Предчувствие? Или беспочвенные страхи?
Лиам, шедший последним, вдруг остановился и повёл носом, как дикий зверёк.
– Леди Гинни, там пожар, что ли?
Я обернулась к Лайзо. Он лишь плечами пожал:
– Пока не скажу. Может, нищие у костра греются, а может, от фабрики несёт…
«Святые небеса, неужели всё повторится? – пронеслось у меня в голове, и по спине пробежали мурашки. – Мадлен, театр, огонь… Только не это!»
– Вы же не пытаетесь меня успокоить? – спросила я – слишком резко, пожалуй.
Лайзо усмехнулся в сторону.
– Если уж вас самый крепкий отвар не успокоил, то куда мне…
Но когда мы обогнули последнее здание и подобрались к театру Уиллоу почти вплотную, сомнений уже не осталось: это был пожар. Из провалов в крыше вырывался дым, однако он не поднимался к небу, а словно бы льнул к земле. В глубине тёмного здания виднелись тревожные оранжевые отсветы.
Нервно стиснув кулаки, я до боли выпрямила спину и произнесла уверенно и спокойно, стараясь не выдавать ни страха, ни удушающего отчаяния:
– Лиам, Юджиния, вы дальше не идёте. Входить в театр я вам запрещаю. Вы – моя последняя надежда, если у нас ничего не выйдет… – я сделала многозначительную паузу и посмотрела Лиаму прямо в глаза. Он, вопреки ожиданиям, не стушевался, а наоборот вздёрнул подбородок. – Если что-то пойдёт не так, вы должны привести помощь. Вот здесь – шесть хайрейнов мелочью, – я наклонилась, вложила в его руку небольшой кошелёк «для милостыни», как называла такие изящные бесполезные вещицы Глэдис. – Найдёшь два кэба. На одном Юджиния поедет к маркизу Рокпорту, адрес она знает. На другом ты отправишься к отцу Александру, в кофейню. «Гусей» привлекать нельзя. Всё понятно?
Он молчал и смотрел куда угодно, только не на меня и не на дрожащую, безмолвную Юджинию. В блестящей мостовой отражалась ущербная луна, и такие же призрачные луны светились в его глазах.
У меня вырвался вздох. Я мельком посмотрела на Лайзо, помимо собственной воли ища одобрения и поддержки – и он улыбнулся, едва заметно, краешками губ, а затем качнул головой в сторону театра, одновременно выпрямляя на мгновение указательный и средний пальцы.
«Мы справимся и вдвоём. Обещаю».
Более не колеблясь, я обернулась к Лиаму – и взяла его за руку, заставляя посмотреть на меня.
– Лиам О'Тулл, баронет Сайер, – произнесла я негромко, но тем особенным тоном, который заставлял умолкнуть и прислушаться самого вздорного собеседника, самого эгоистичного хама, самую экзальтированную девицу. – Пообещайте мне, что в случае опасности вы исполните мою просьбу и поедете за помощью, а не броситесь к развалинам. Мне больше не на кого положиться. Пообещайте немедленно.

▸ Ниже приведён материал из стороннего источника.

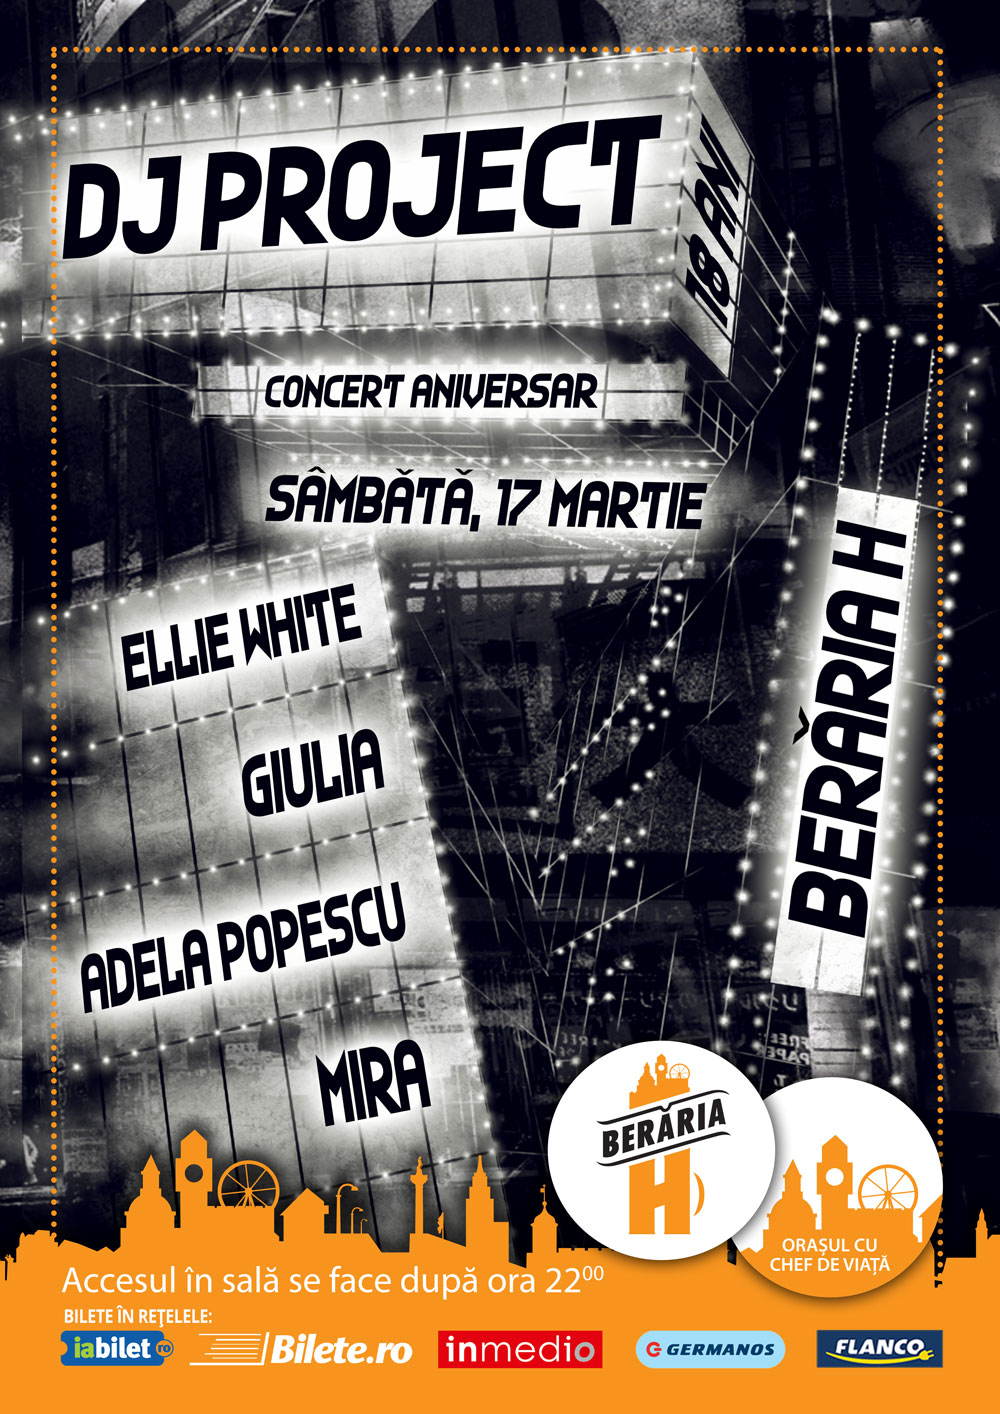 Dj Project 18 Ani Concert Aniversar La Berăria H

– Ну ладно, – ответил он неохотно и явно не от чистого сердца.
– Лиам…
– Да пусть перед святым Киром поклянётся, – посоветовал вскользь Лайзо. Лиам вспыхнул:
– Да что я вам, дитё, что ли? Ну, хорошо, святой Кир свидетель – клянусь! Побегу за помощью! Юджи в кэб посажу! – выдохнул он зло, и только сейчас я заметила, что глаза у него влажные. – Но вы… только попробуйте там… оплошать!
«Оплошать» вместо «сгореть», «искалечиться» или «задохнуться в дыму» – похоже, юный баронет постепенно учился светской деликатности.
– Вот и хорошо, – кивнула я и выпрямилась, отпуская его руку.
Уже когда мы пробирались по заваленному хламом участку перед самым входом в театр, я запнулась и едва не упала. Однако Лайзо успел подхватить меня и удержать.
– Вы правильно поступили, Виржиния, – негромко произнёс он и добавил лукаво: – Одну-то мне всяко легче оборонить, чем троих.
– Говорите так, словно бы я только обуза!
Он вдруг прикоснулся к моей щеке, на мгновение; взгляд его стал пугающим и тёмным.
– Нет. Нисколько.
Крыльцо с тех пор, как я побывала здесь, провалилось, кажется, ещё больше. Когда очередной клок юбки остался на остром сколе деревянной балки, торчащей прямо из дыры между разрушенными ступенями, меня охватило острое сожаление, что на сей раз не получилось надеть мужской костюм вроде того, что раздобыл Крысолов. Определённо, брюки – намного более удобная вещь, чем длинная юбка. Чтобы пробраться внутрь здания, Лайзо пришлось вытащить из мусорной кучи несколько не слишком крепких досок и бросить их поперёк самых широких и опасных провалов.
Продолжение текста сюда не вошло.